Ich bin ein ziemlicher Newbie in Sachen Java, habe auch schon google durchforstet, aber leider ohne Erfolg.
Ich arbeite gerade an einem Java EE Projekt mit EJB 3.0 und JPA, dass mir in Zukunft die Arbeit ein wenig erleichtern soll. 
Ich möchte dynamisch DB-Connections hinzufügen, also ohne persistence.xml.
Gibt es dafür eine Annotation?


Karsten


----------



## Mutable (2. Aug 2010)

Hi,
ja das geht, das hängt aber stark vom Persistence Provider ab. Mit EclipseLink 1.0 oder 1.1 kann man das gleich vergessen. Mit 2.0 geht es im Ansatz, aber ich bin nach etlichen Stunden irgendwann zum Schluss gekommen, dass das noch Alpha-Status hat. Deswegen wirbt man jetzt auch bei EclipseLink 2.1 damit, dass man die Funktionalität stark verbessert hat.
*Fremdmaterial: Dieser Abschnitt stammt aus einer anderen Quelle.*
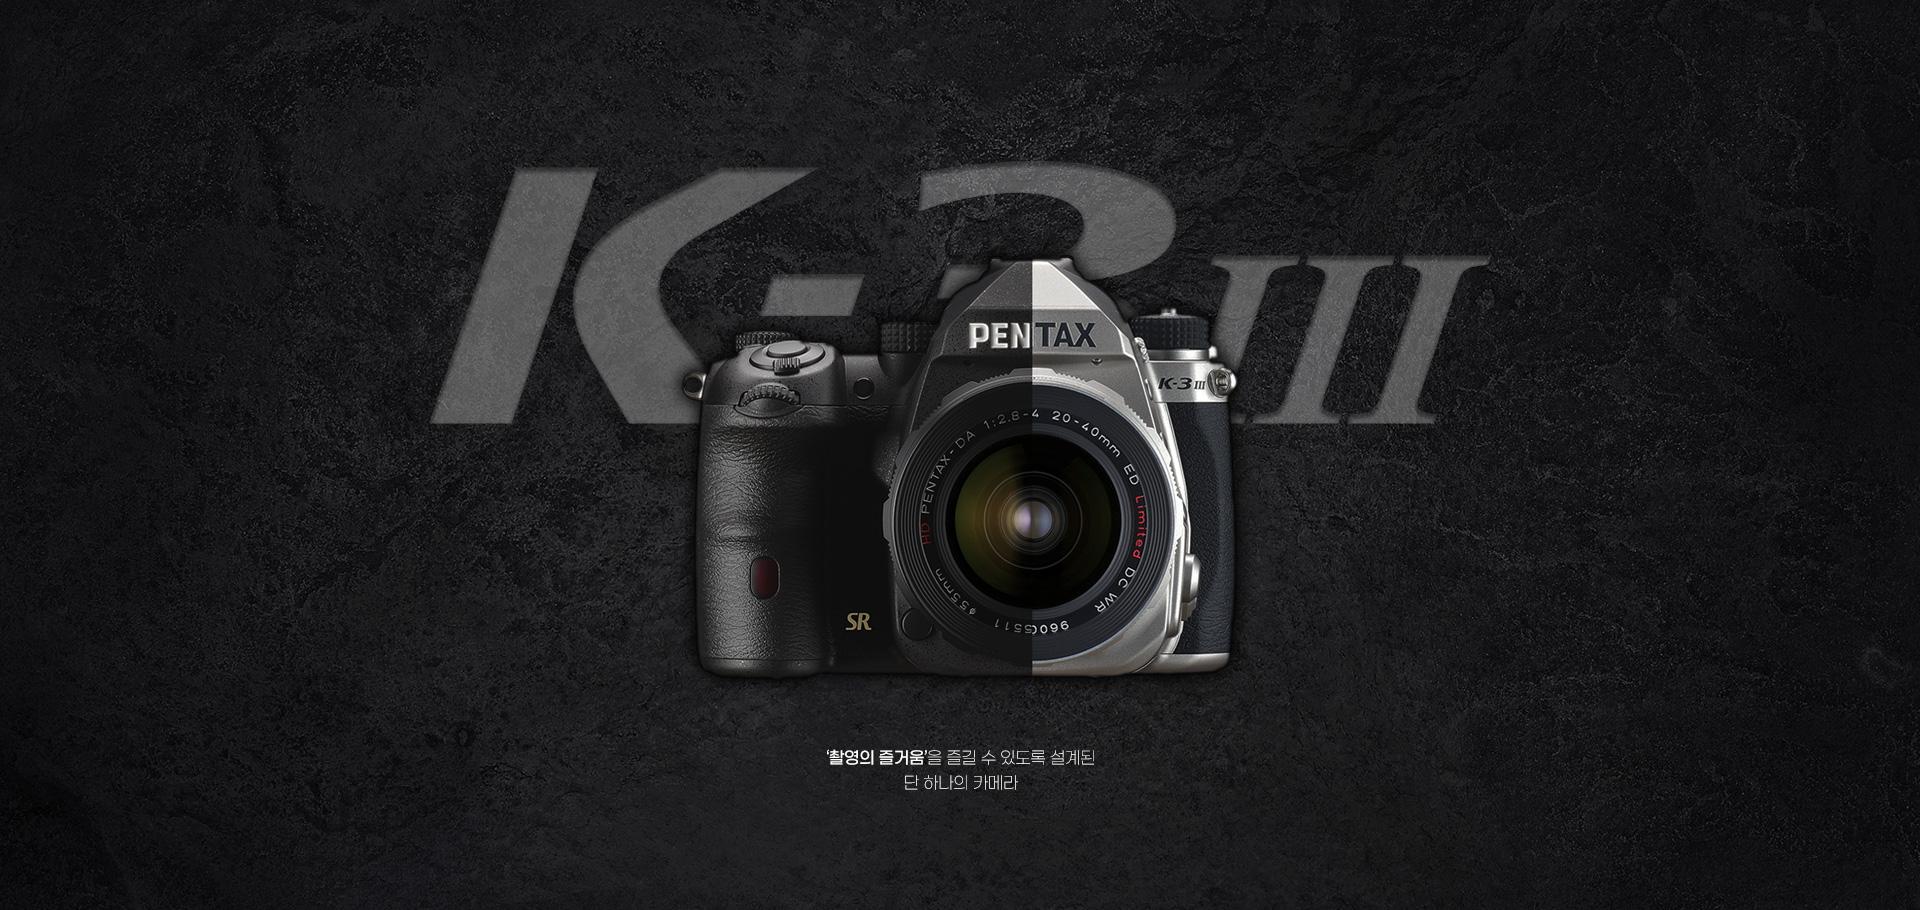 펜탁스 K-3 Mark III 공개

Falls du EclipseLink verwendest, rate ich dir, schau direkt in die Dokumentation von 2.1.
Bei Hibernate funktioniert das mit HashMaps. Einfach mal Dynamic Mapping in Google eingeben.

Gruß


----------



## Pinusno (5. Aug 2010)

Vielen Dank für die schnelle Antwort @Mutable. Da werd ich gleich mal schauen.  Bei der Wahl des richtigen Persistence Framework fangen die Probleme aber schon an ;-)
Welches ist denn eigentlich zu empfehlen? Auch wenn dies wohl auch abhängig von der Anwendung ist.


Gruß Karsten


----------